Formally founded as the Red Army in 1927 during one of the low points in the Party’s fortunes, it was Mao Zedong’s personal achievement to link the armed wing of the Communists closely to the political programme of the movement from which it had grown. After coming to power in 1949, the People’s Liberation Army (PLA – as it had, by then, been renamed) served as the principal source of Mao’s own control until the day of his death in 1976, restoring order after the opening anarchy of the Cultural Revolution in 1966, and remaining loyal to him despite the straying of figures like his erstwhile chosen successor and then traitor Marshal Lin Biao in the early 1970s (Li, 2009).

Even after the Mao period, the succeeding Deng Xiaoping’s leadership kept close tags on the military and made sure it was the referee of last resort. It was two battalions of crack troops in 1989 who quelled the student uprising that year, under the veteran Paramount Leader. By 1997, however, his successor Jiang Zemin started to slim space in society and political influence of the Party down, stripping the military of its powers to run commercial outfits, removing some of the corrosion of its authority through anti-corruption campaigns and reducing its potential non-military influence. The deal made then in return for this, which has largely been honoured over the intervening years, is that the PLA gets good funding, with double digit increases each year after 1998, allowing it to become an increasingly professionalised, modernised outfit (Brook, p105-150). Under the Hu Jintao, Jiang’s successor, there were no further structural reforms, but simply an era of surface consolidation. In this period, the main issue was of the PLA’s authority being eroded by the same problems of corruption, thanks to the phenomenal economic growth, that afflicted the rest of society, including the Party itself.  2002 to 2012 was an era in many ways of great good fortune for China, but also of complacency. It is this complacency that Xi’s China is now addressing, readying the country for the moment of national rejuvenation in 2021 when the Party celebrates its hundredth year in existence.

To understand where the PLA stands under Xi, it is good to get some statistics to contextualise things. In 2018, according to Global Fire Power (2018), an authoritative ranking of army power across the world, the PLA stands as the world’s largest force in terms of manpower, third in terms of sheer firepower (after the US and Russia), and, according to the Stockholm International Peace Research Institute (SIPRI) (2016)  runner up (albeit it very distant) only against the USA up to the end of 2016 in terms of expenditure. Since the 1980s, it has become increasingly well equipped, with something like 84 per cent of the vehicles, missiles and other paraphernalia displayed during the parades to mark the seventieth anniversary of the ending of the Second World War in 2015 in Beijing assessed to have never been seen before (Xinhua, 2015). Almost overnight, China now has, for the first time in its history, a decent naval presence (with more vessels than the US, despite big differences still in terms of technical capacity) and some ability to make its own airplanes. Gone are the days when it was almost wholly dependent on importing good quality technical equipment from Russia or other more advanced suppliers. These statistics alone show why the PLA has a global importance. It is large, has potentially great powers, and has an ability to operate and reach into the wider world, at least in terms of hard power.

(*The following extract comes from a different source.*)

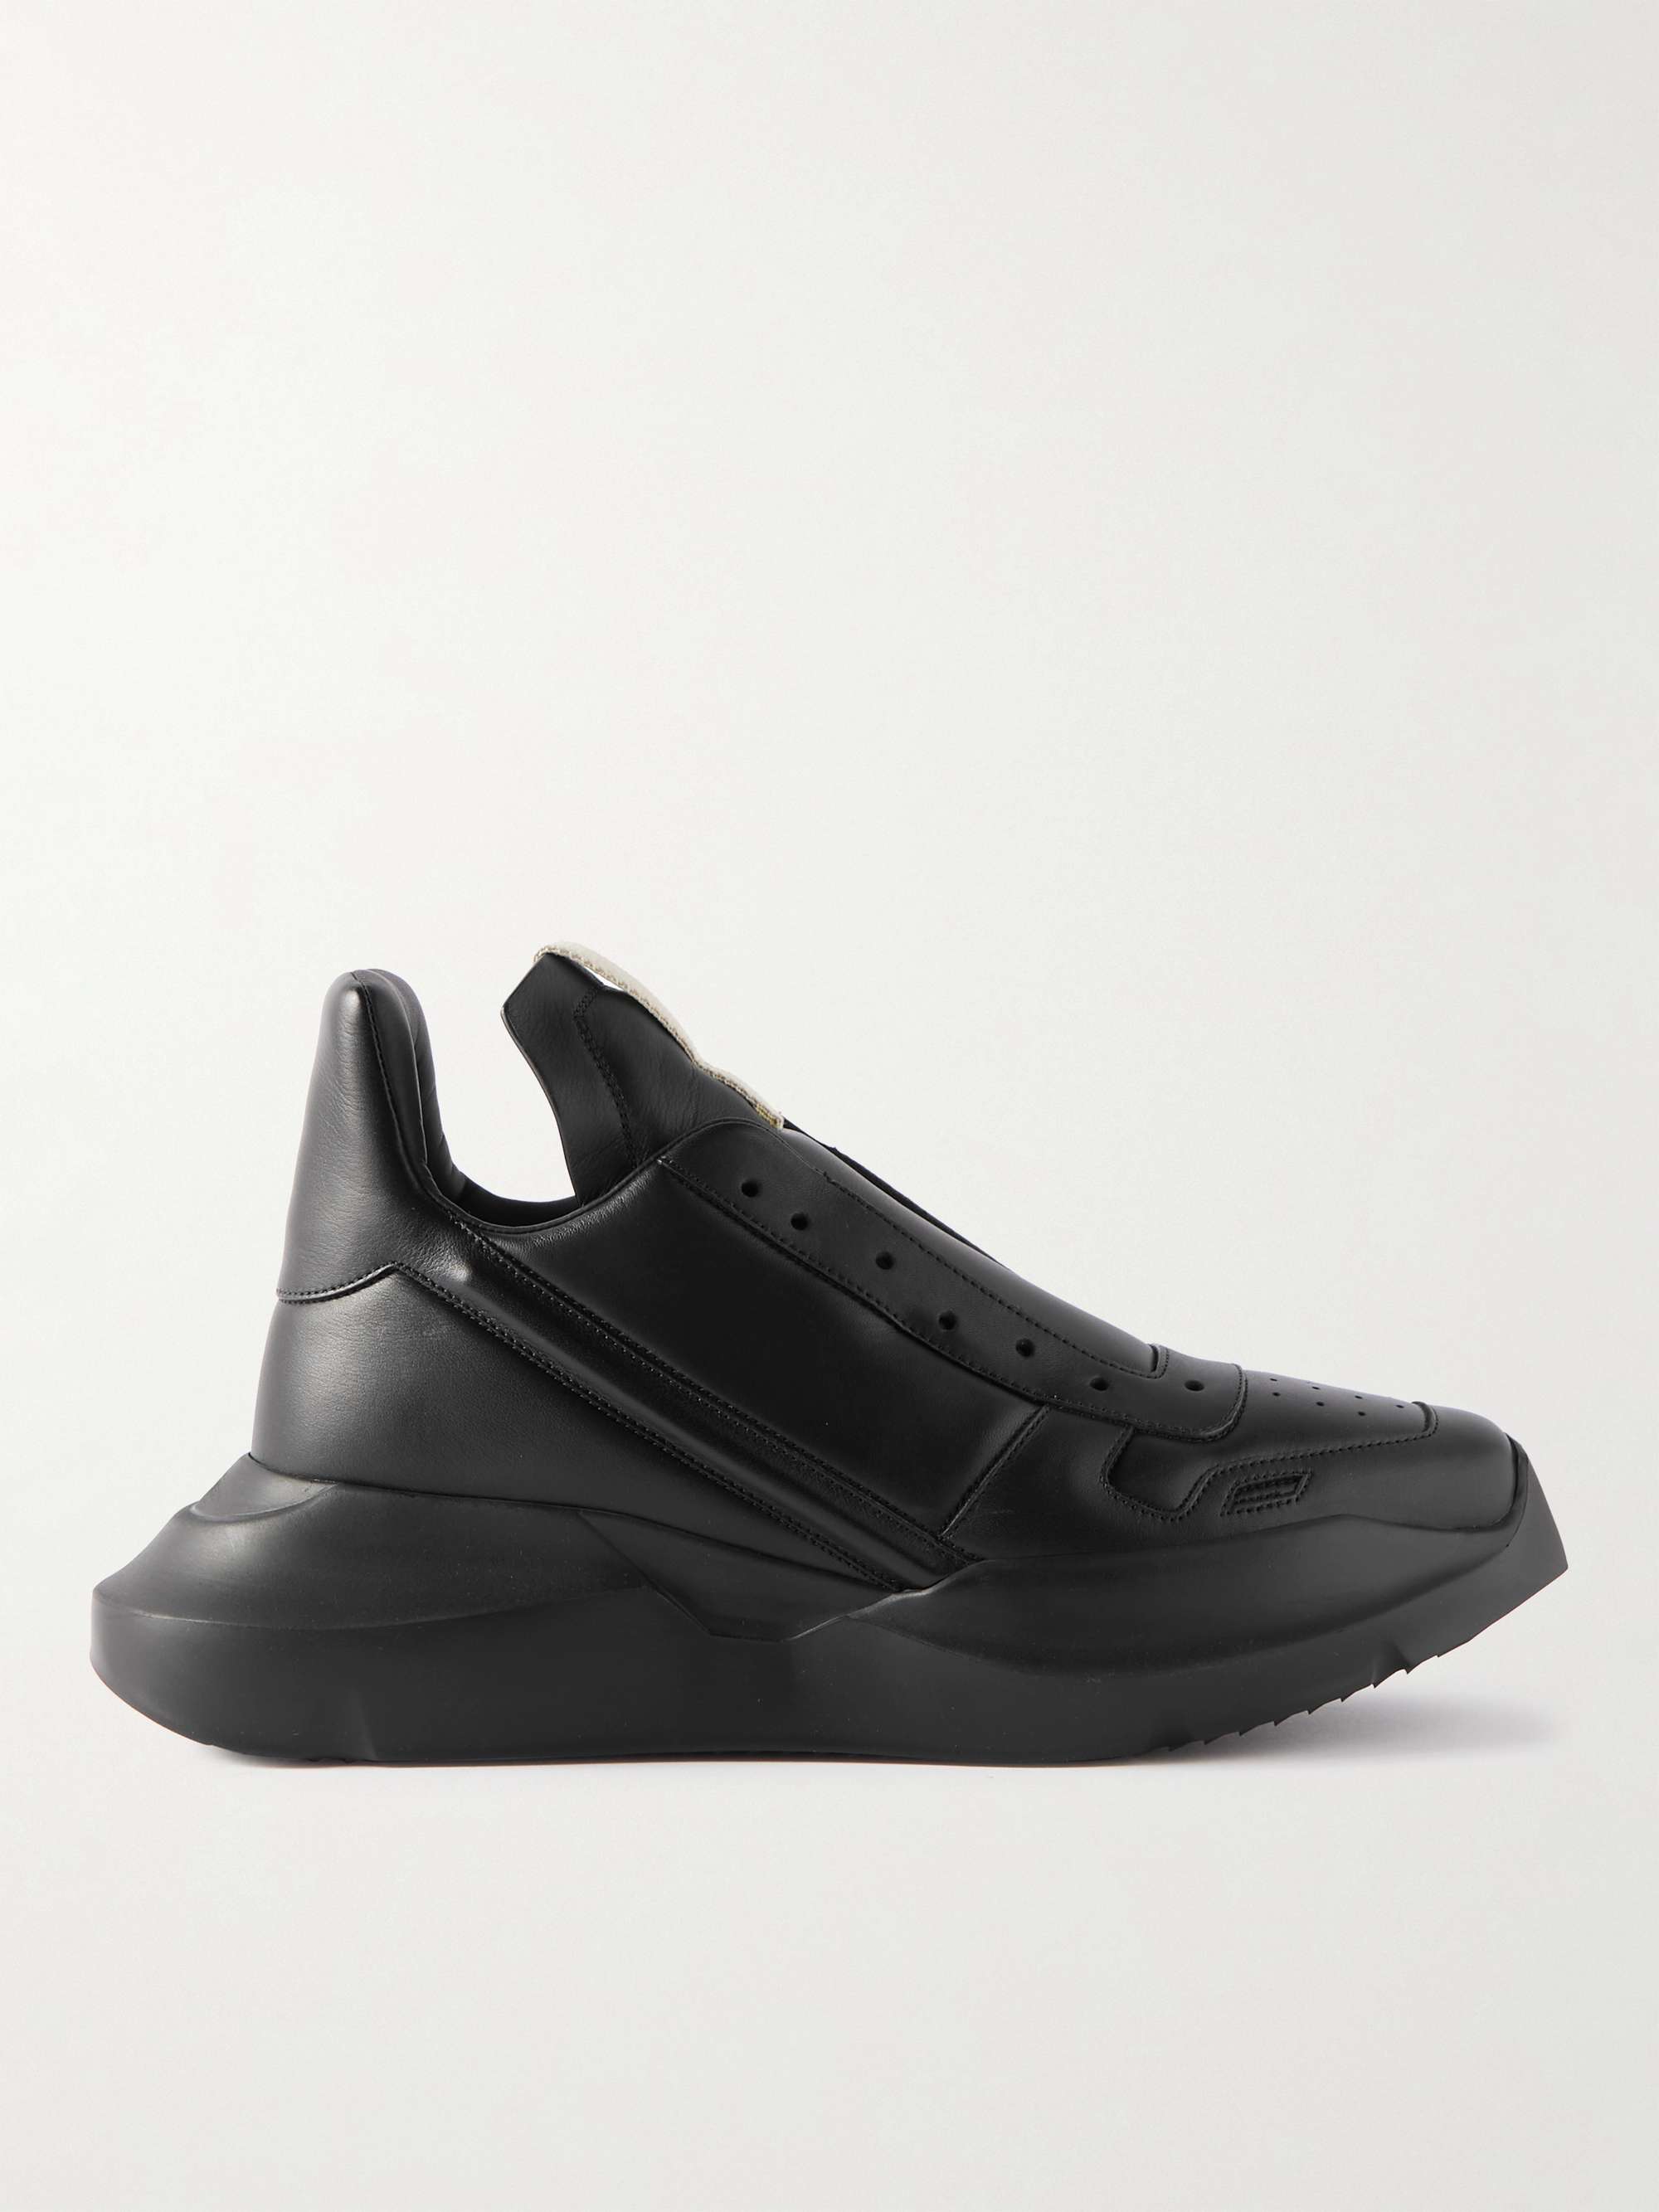 Rick Owens Shoes True Size, Rick Owens Inspired Sneakers

All of this means that up to the Xi era the PLA capitalised on its professionalisation by trying to gain a more focussed area of specific relevance which it claimed some level of autonomy and legitimacy from. It figured, for example, as one of the key stakeholders in any discussions over such core issues as Taiwan, the South and East China Sea issues, and other matters where China needed the appearance of potential power projection to promote and assert its interests (Jakoson and Knox, 2010). Despite this refocussing and specialisation, the PLA under Xi is characterised by two remarkable attributes, that place it apart from, for instance, the very influential Soviet Army’s role prior to the collapse of the USSR in 1991, circumscribing its powers and ambitions. The first is that despite the PLA’s attempts to claim more autonomy in the Hu era (for instance over Taiwan policy), control over it by the Party by 2018 has never looked more assured, particularly after the anti-corruption disciplining and ideological cleansing campaigns since 2013, meaning it is now hard to see how it could exists as a cohesive, autonomous actor in its own right. The second is that despite all the expenditure, training and deployment of resources, the PLA since 1979 has never had combat experience.  The implication of these two issues will now be discussed in more detail.

For the first, command over the PLA by civilians in the Party’s political elites is now complete. This has been a long running process and is associated with other moves to modernise governance and institutionalisation. The last PLA general to sit in the full Standing Committee, the pinnacle of power in contemporary China, was in the 1990s. Since then, there have been usually only two generals on the fuller, larger politburo – something continued after the 19th Party Congress in October 2017. In addition to this, the Central Military Commission, the body of about 12 individuals with oversight and ultimate command over the PLA, is chaired by the Party Secretary, a civilian. Since 2012, this has been Xi. As Mao envisaged, power might come from the barrel of a gun, but it is one in the hands of a cadre, not a soldier (Mao, 1938). And under Xi, the division between these two has never been more clearly delineated. Despite worries about the political nature of the Xi leadership and its all-encompassing nature, this restriction and honing down of PLA power at least is a good thing for the wider world. The chances of a military putsch, or military adventurism in China arising from a PLA flexing its muscles, have declined significantly. There is at least no doubt where the power is now.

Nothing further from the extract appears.